PageRank random-surfer model
Modeling a surfer who follows links with probability equal to a damping factor and otherwise jumps to a random page yields a Markov chain whose unique stationary distribution scores pages by long-run visitation, giving a stable, query-independent importance measure.
HITS hubs and authorities
Within a query-focused subgraph, HITS assigns each page an authority score proportional to the hub scores of pages linking to it and a hub score proportional to the authority scores of pages it links to, computed by iterating these mutually reinforcing relations to convergence.

Clinical relevance

PageRank was central to the rise of large-scale web search and remains a conceptual reference point for importance and authority on graphs.
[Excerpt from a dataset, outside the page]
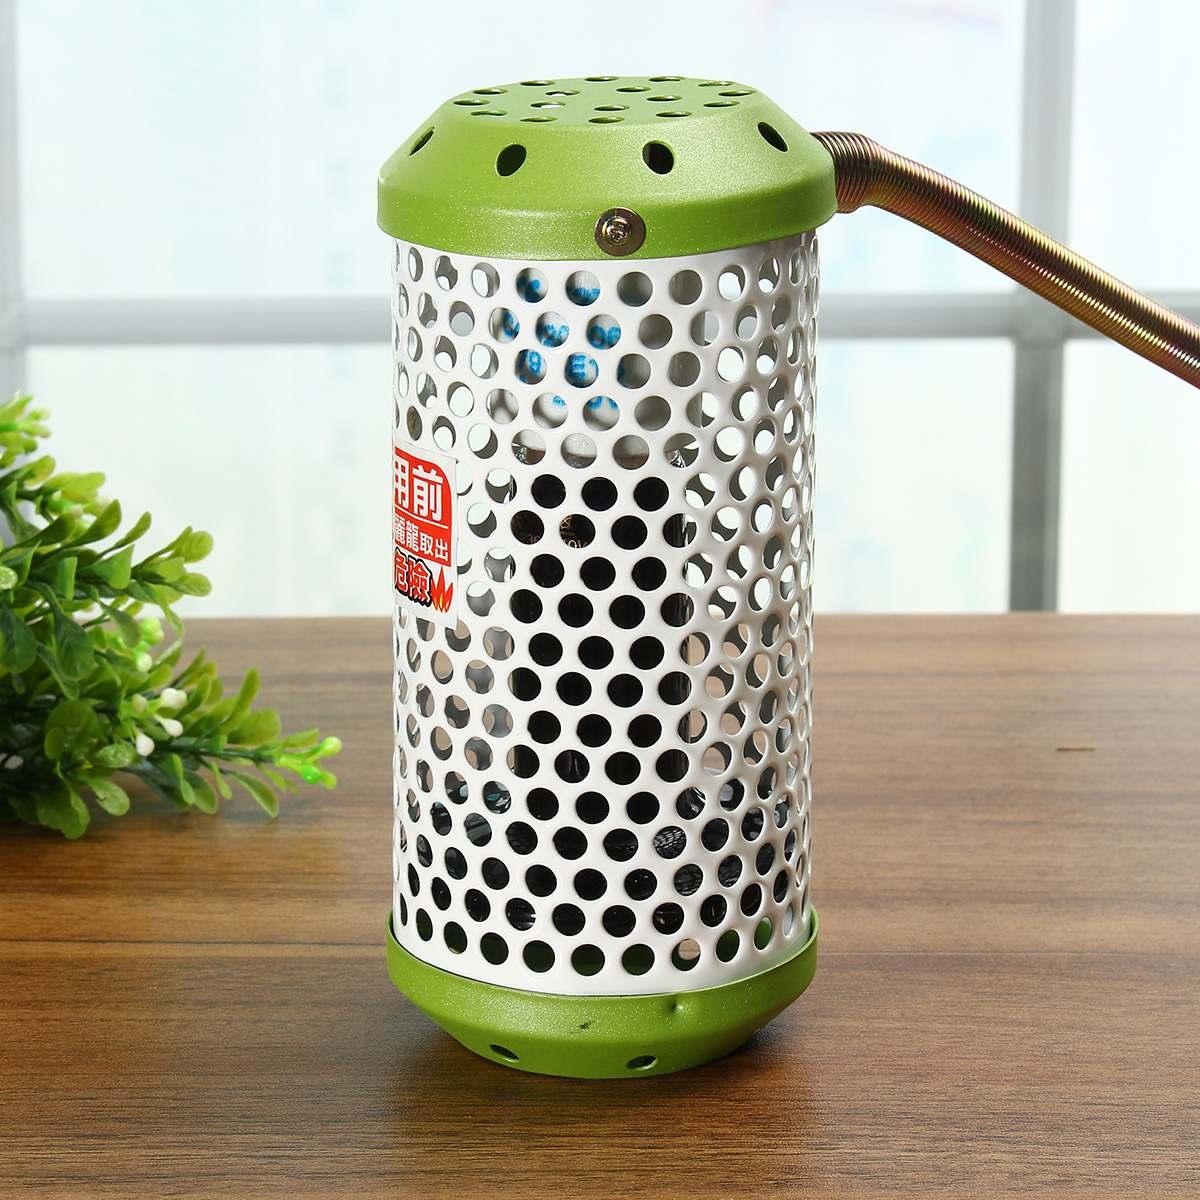 Lámpara de calefacción para mascotas de 20 W, luz de cerámica infrarroja con emisor de jaula de seguridad, lámpara de calor para mascotas, suministros de pollos, lámpara para reptiles de 110 v-230 V
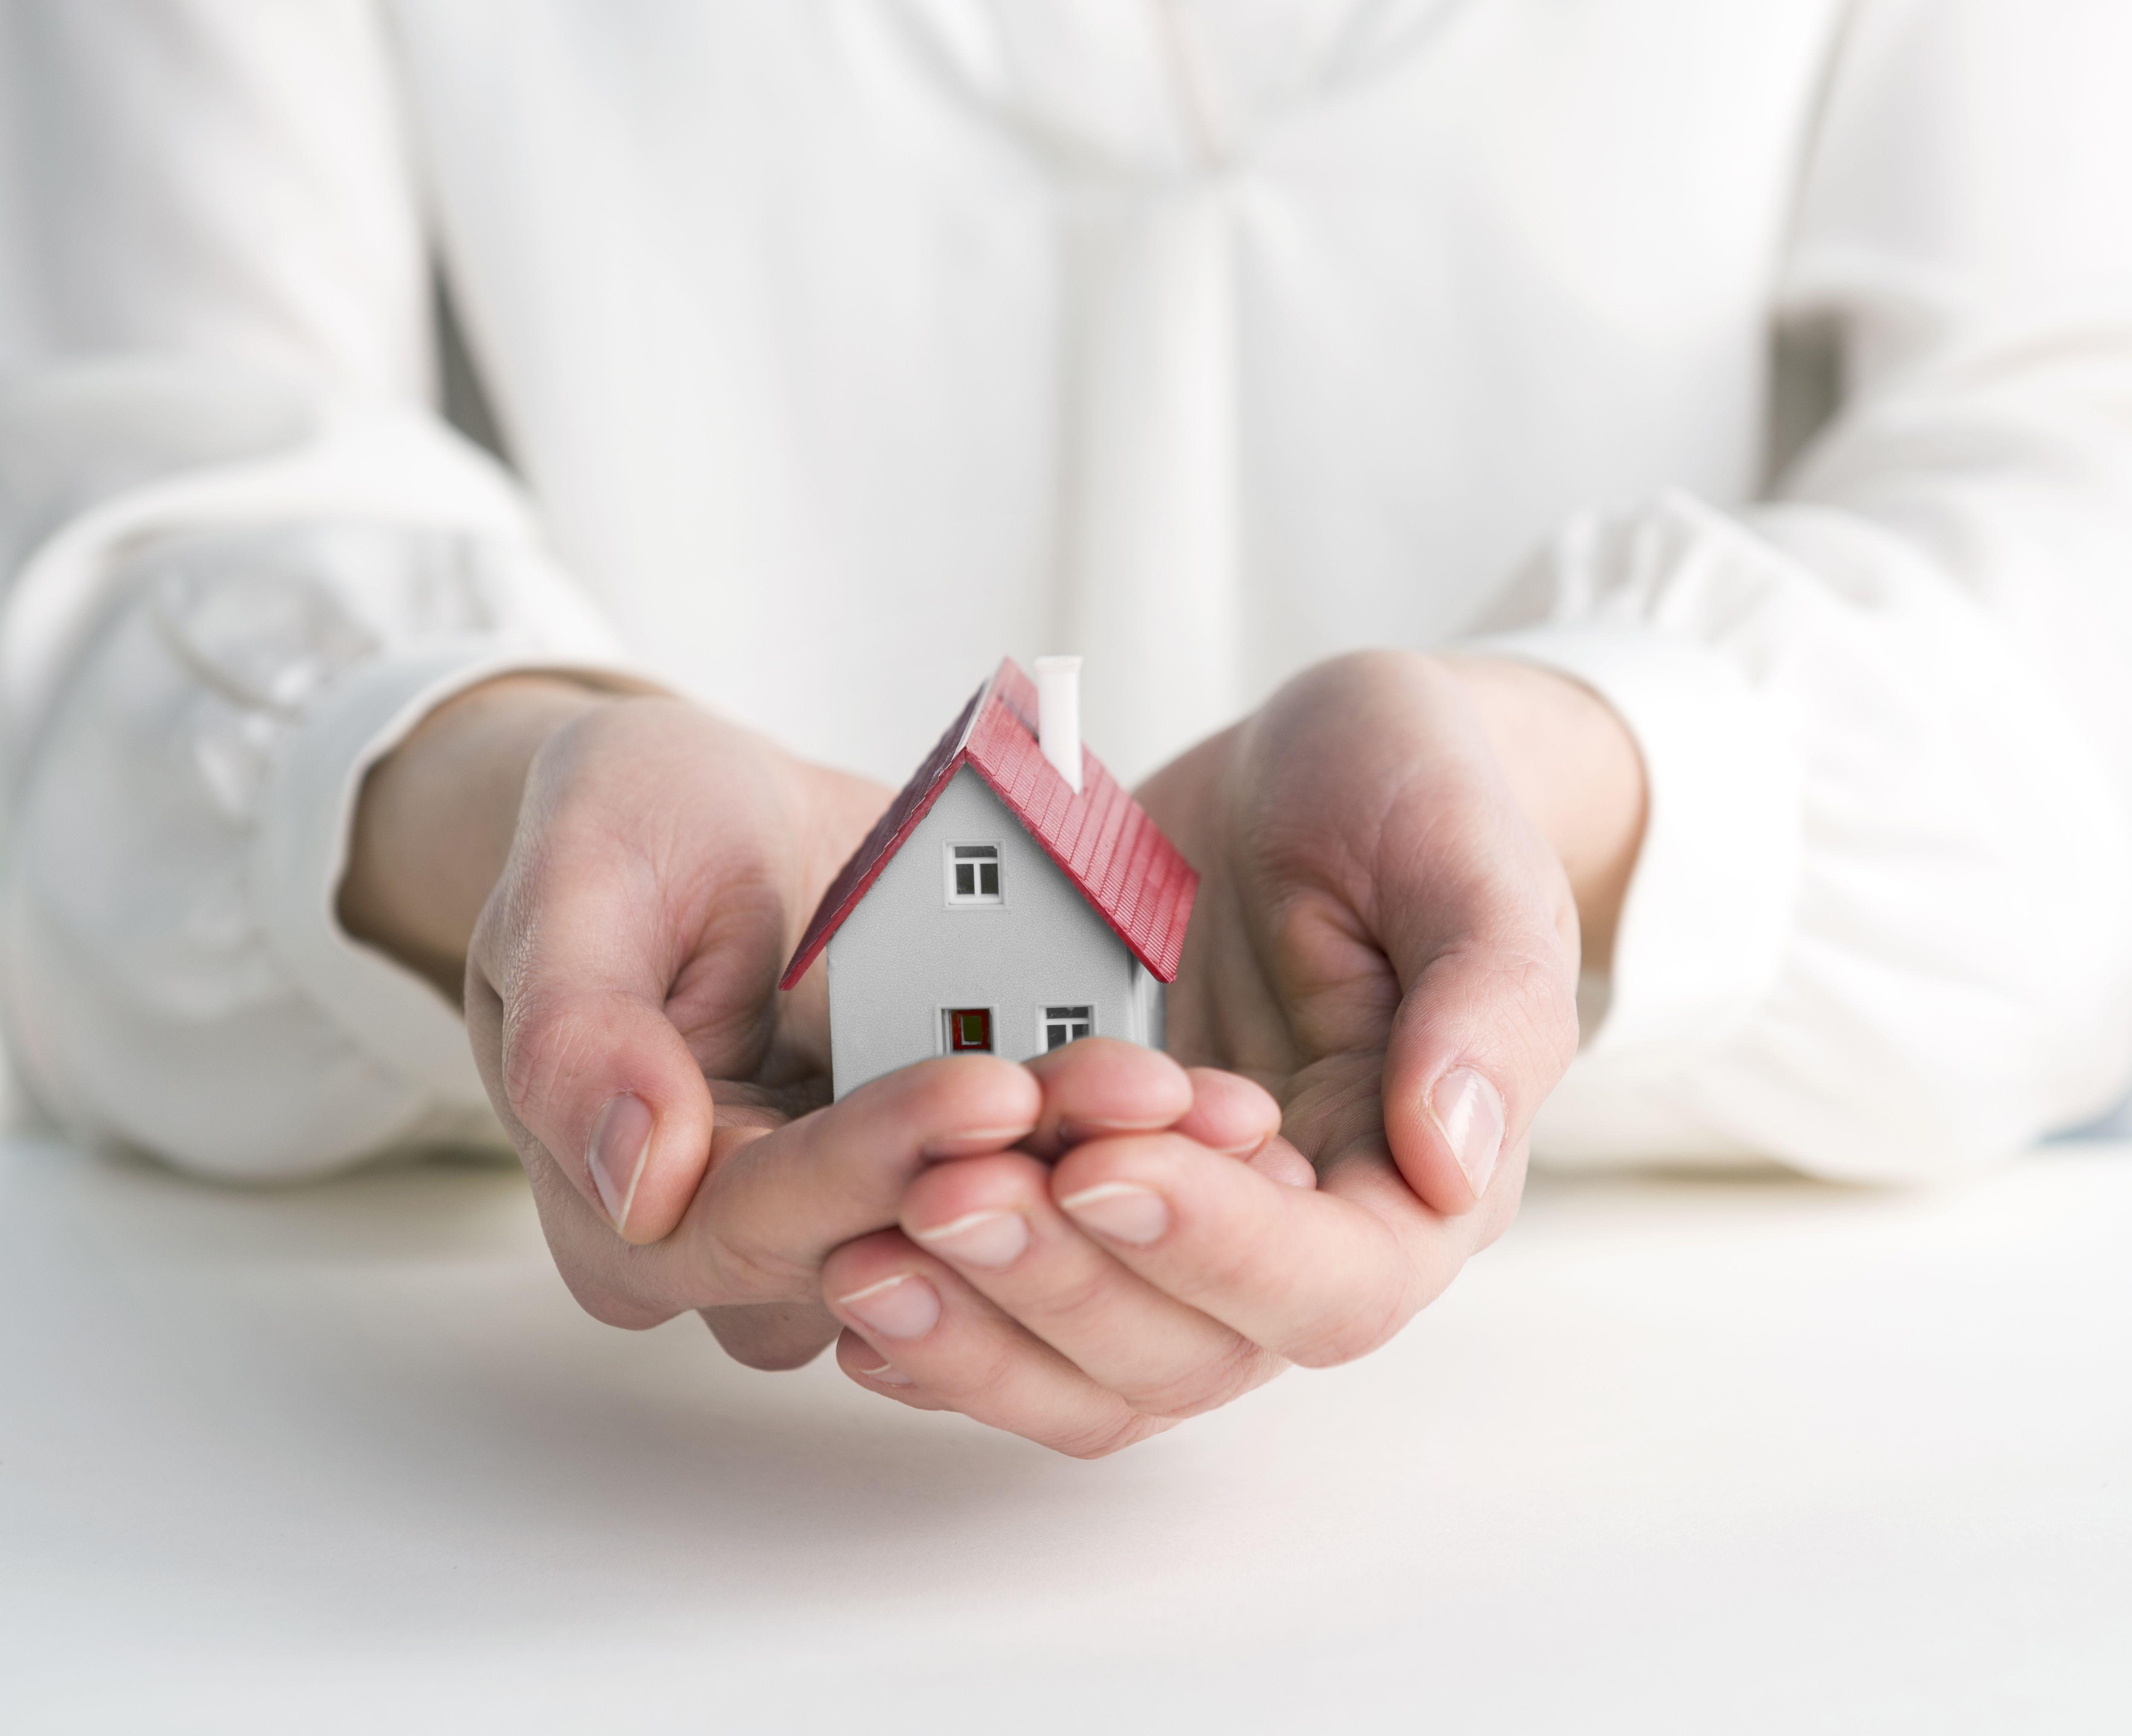 Seguro de hogar: Seguros de Agente de Seguros Ángeles Arranz

Link-analysis ideas generalize beyond the web to citation networks, social-network influence, fraud detection, and recommendation, wherever endorsement-like links carry information.

History

In 1998 and 1999, two near-simultaneous proposals showed that hyperlinks encode authority: Kleinberg's HITS and Page and Brin's PageRank. PageRank's query-independent, globally computed scores proved well suited to web-scale serving and underpinned a leading search engine, while HITS influenced topic-distillation and later graph-ranking research.

Key figures

  • Larry Page
  • Sergey Brin
  • Jon Kleinberg
  • Rajeev Motwani

Related topics

Seminal works

  • page1999
  • kleinberg1999
  • brin1998

Frequently asked questions

What is the difference between PageRank and HITS?
PageRank computes a single query-independent importance score for every page from the whole web graph in advance, whereas HITS computes query-dependent hub and authority scores on a small subgraph built around the query at retrieval time. PageRank scales more readily to web serving.
Why does PageRank need a damping factor?
Without it, the random surfer could get trapped in pages with no outgoing links or in cycles, and the stationary distribution might not be unique or well defined. The damping (teleportation) probability lets the surfer occasionally jump to a random page, guaranteeing a unique, well-behaved score.